Turning this into a JAGS model requires some minor adjustments. The model have to loop over all the match results, which adds some for-loops. JAGS parameterizes the normal distribution with precision (the reciprocal of the variance) instead of variance so the hyper priors have to be converted. Finally I have to “anchor” the skill of one team to a constant otherwise the mean skill can drift away freely. Doing these adjustments results in the following model description:
m1_string <- "model {
for(i in 1:n_games) {
HomeGoals[i] ~ dpois(lambda_home[HomeTeam[i],AwayTeam[i]])

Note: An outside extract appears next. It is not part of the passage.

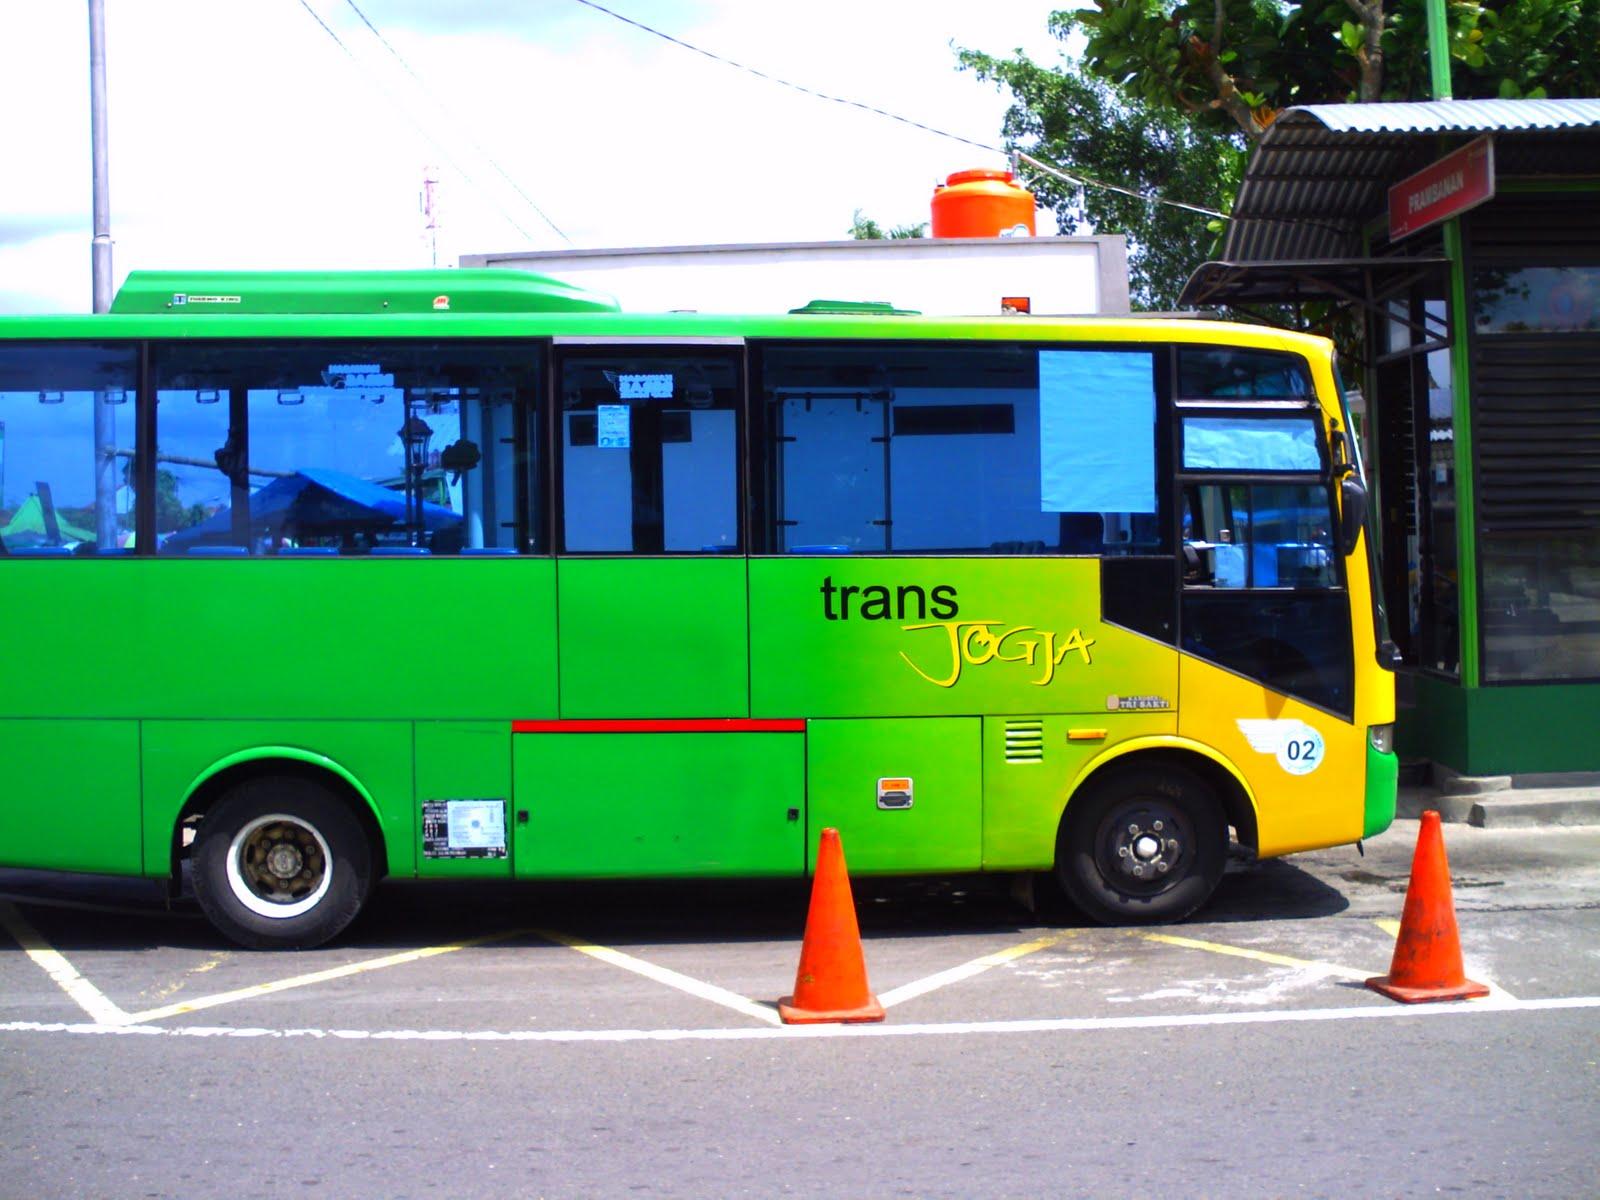 Tempat-tempat Menarik di Jogja yang Bisa Dicapai Menggunakan Trans Jogja

AwayGoals[i] ~ dpois(lambda_away[HomeTeam[i],AwayTeam[i]])
}
for(home_i in 1:n_teams) {
for(away_i in 1:n_teams) {
lambda_home[home_i, away_i] <- exp(baseline + skill[home_i] - skill[away_i])
lambda_away[home_i, away_i] <- exp(baseline + skill[away_i] - skill[home_i])
}
}
skill[1] <- 0
for(j in 2:n_teams) {
skill[j] ~ dnorm(group_skill, group_tau)
}
group_skill ~ dnorm(0, 0.0625)
group_tau <- 1 / pow(group_sigma, 2)
group_sigma ~ dunif(0, 3)
baseline ~ dnorm(0, 0.0625)
}"
I can then run this model directly from R using rjags and the handy textConnection
function. This takes a couple of minutes on my computer, roughly enough for a coffee break.
# Compiling model 1
m1 <- jags.model(textConnection(m1_string), data = data_list, n.chains = 3,
n.adapt = 5000)
# Burning some samples on the altar of the MCMC god
update(m1, 5000)
# Generating MCMC samples
s1 <- coda.samples(m1, variable.names = c("baseline", "skill", "group_skill",
"group_sigma"), n.iter = 10000, thin = 2)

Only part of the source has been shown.